Girls at my school when it starts raining
— jheanelly_g (@JΔΠ-ΣL-ΣΣ)
You’d have to decide between looking cool in summer dress or being sensible and getting your blazer back out of the cupboard.
6. You all had to stand up every time a teacher walked into the classroom.
Great for the leg muscles.
7. You went from First Form to Upper Sixth, not year 7 to year 13.
You might have even started in Prep Form.
8. There was always one house that would somehow win all the sports events, every year.
It never made any sense how all the sporty kids could end up in the same house every year even though it was supposed to be random.
9. There were quite a few kids whose parents were mates with some of the teachers.
If it was your own parents, it would normally be an advantage.
10. And also some whose mum or dad had been to the school before them.
There was probably a photo of one of their parents on the wall somewhere.
11. When you had to untie your tie with a pencil or pair of compasses because someone peanutted you so hard.
Pro tip: Putting a 2p coin in the knot of your tie made you “peanut-proof”.
12. Those two dreaded words: Saturday school.
13. Which felt especially unfair, as you also had to go into school on bank holidays.
Your school might have blamed it on the boarders having nothing to do otherwise, but we don’t think they would have complained.
14. You had to call all your male teachers “sir”.
15. But only had to call the female teachers “miss” because those two words are *totally* on the same level…
16. Wednesday afternoons were reserved for sports matches, and if you were playing, you’d try to get away with wearing your kit all morning too.
You’d feel so superior to all the kids still stuck in shirts and ties.
17. You took quite a few classes with fewer than 10 people.
In sixth form it could be fewer than five.
18. New kids were always an absolutely massive deal.
Because your year was so small everyone knew each other really well, and everyone would try to suss the new kid out to see if they were worth trying to recruit for their clique.
19. Every break time, the tuck shop was a sea of tiny first-formers waving £1 coins in the air like they were the holy grail.

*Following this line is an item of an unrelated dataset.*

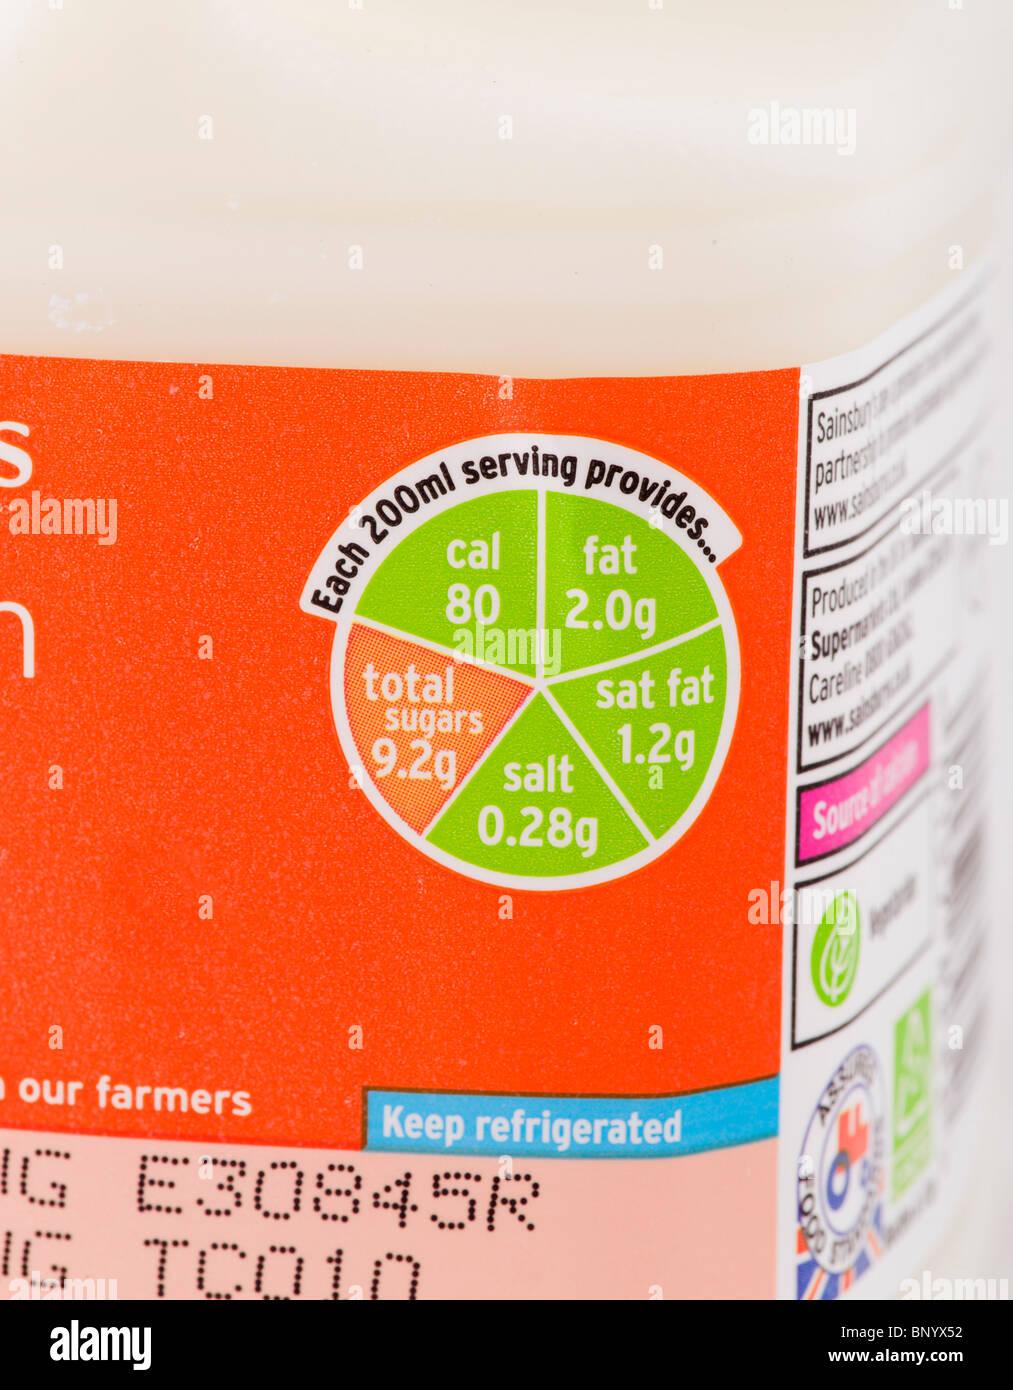 'Traffic Light' label on a carton of Sainsbury's low fat milk - Stock Image
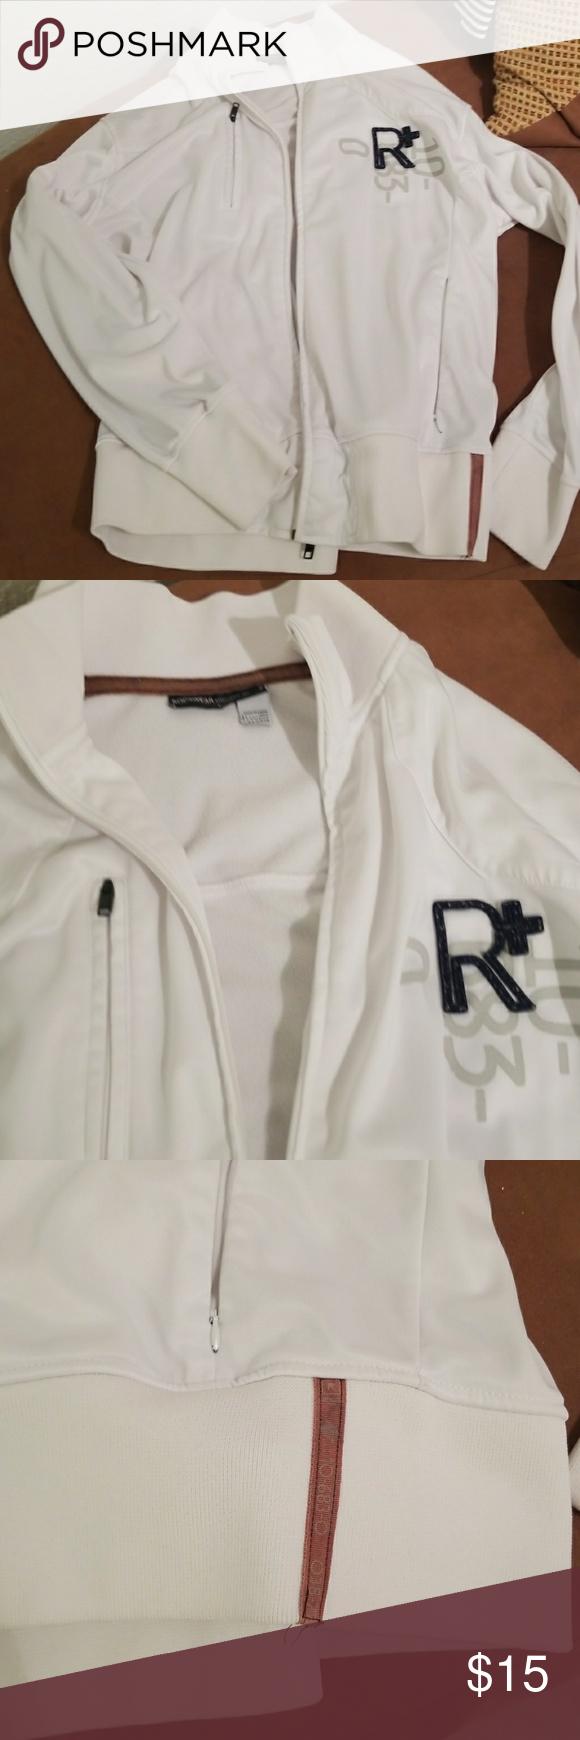 Rocawear Men S Jacket Issues With The Zipper Rocawear Jackets Coats Lightweight Shirt Jackets Jackets Rocawear Mens Jackets [ 1740 x 580 Pixel ]

20. Every time you did something bad, your teachers would remind you how much your parents were paying for your education.
21. And then when your parents found out, they would remind you too.
On the flip side, whenever the school bought something expensive but totally useless, you’d say: “Oh, so that’s where all out money’s going then.”
22. While you were there, at least one kid got kicked out for doing drugs.
23. Getting a dead bum from sitting on rock-hard chapel benches (if you didn’t manage to skip it).
(Chances are, every time you did try to skip it, a teacher would walk round the corner and catch you.)
24. Turning 17, and everyone starting to turn up in their new cars once they’d passed their tests.
There was so much debate about who were the best and worst drivers, and everyone would gossip about who had the most expensive cars.
25. Feeling like this when you broke up for summer and knowing everyone else still had three weeks of school left.
Nine-week summer life was the good life.
26. You had strong rivalries with every other private school in the area, normally based around sport.
27. And you also had a rivalry with the local state school, based around the fact that you were “posh twats”.